SAN FRANCISCO (KGO) -- A Bay Area OB-GYN is serving up an innovative solution for some people living in states banning abortion.

"This is going to be a very large monetary effort that is funded by philanthropy and maybe a donated vessel," said Dr. Meg Autry, an OB-GYN and professor at UCSF.

"Basically a reproductive floating health clinic," said Dr. Autry, who's been conjuring the idea for years. "It would offer contraception, point of care, STI testing and treatment, we're hoping vaccination, as well as surgical terminations."

RELATED: Biden signs executive order on abortion access after Supreme Court overturns Roe

The plan is called PRROWESS: Protecting Reproductive Rights of Women Endangered by State Statutes. Home (prrowess.org). The urgency of plan being amplified in wake of the overturning of Roe V. Wade.

"The reason for this particular innovation is if you look at the Gulf every state that borders the Gulf is restrictive," said the doctor, explaining women are travelling far out state for services, meaning a floating clinic closer by could be a game changer. "The people who will be served by this will be the people that don't have the money, means or time to go elsewhere."

And, the doctor said, for the most part the plan is ready to set sail.

"We've done all the detailed research we can do and going forward it depends on the kind of vessel we can get."

RELATED: Supreme Court overturns Roe v.

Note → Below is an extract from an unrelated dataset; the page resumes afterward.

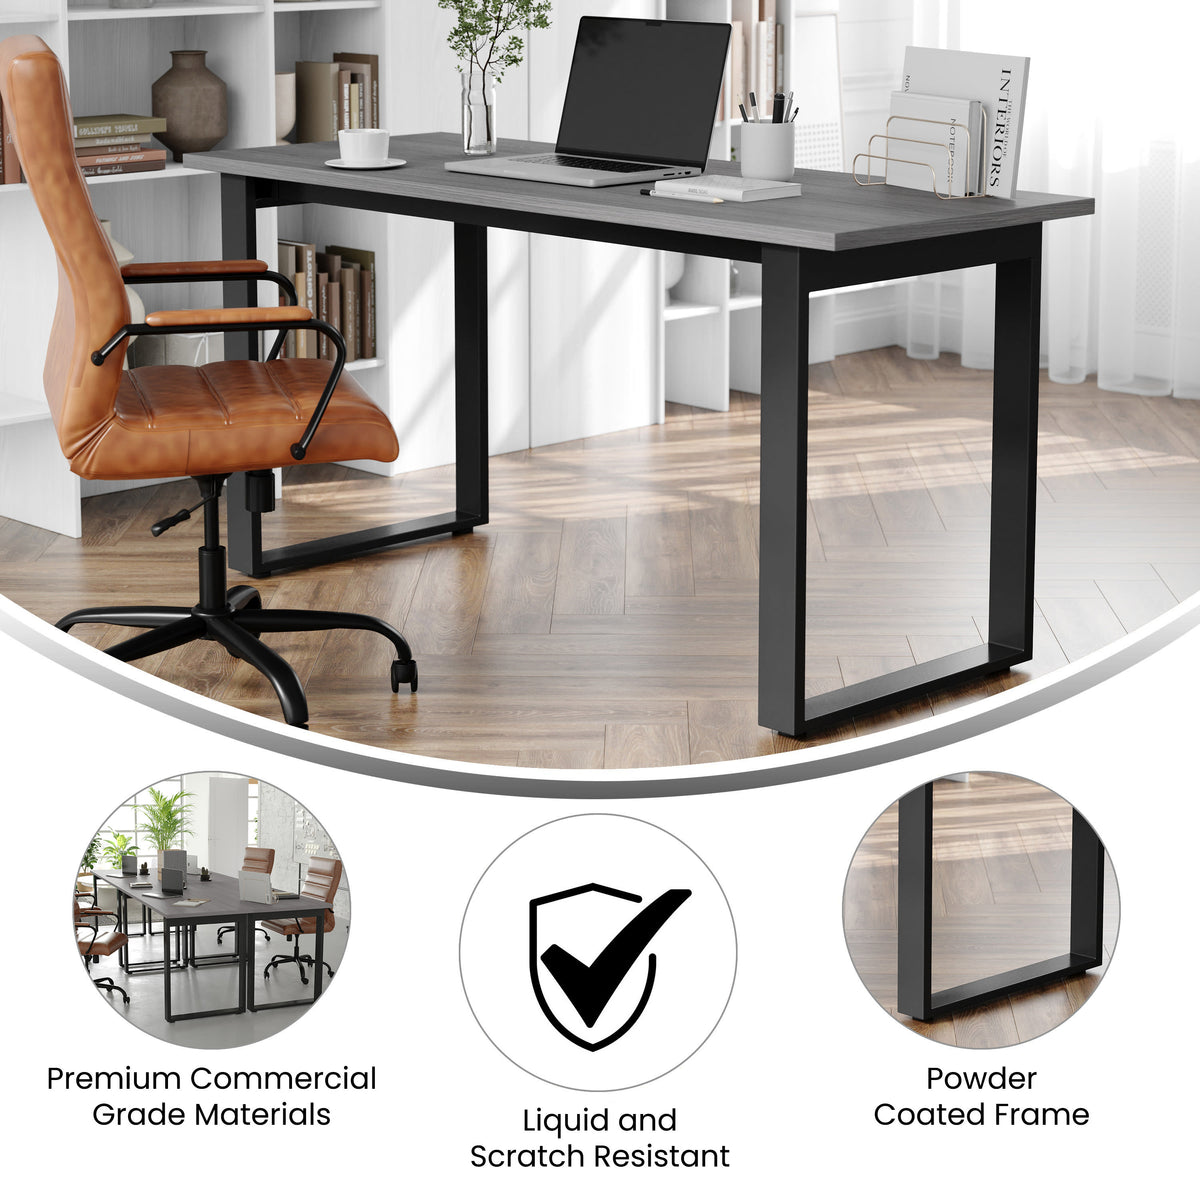 Gray Oak |#| Commercial 60x24 Conference Table with Laminate Top and U-Frame Base - Gray Oak

Wade, transforming abortion rights in US

It will take an estimated $20 million dollars to get the clinic afloat, including retrofitting a boat - and initial costs of patient care.

"I think a somewhat optimistic but realistic timeline would be a year," said Dr. Autry. "And a dream would be six to eight months." When asked, what would have to happen for it to happen in six to eight months, she responded: "Someone would have to donate a vessel tomorrow."

And while she's ready to go, the doctor is also readying for a load of legal challenges.

"We have a legal team consisting of The Lawyering Project that basically fights for reproductive health and equitable care," she said, fulling expecting some rough waters ahead. https://lawyeringproject.org/

"We also have maritime lawyers, defense lawyers and we anticipate legal challenges throughout this entire journey."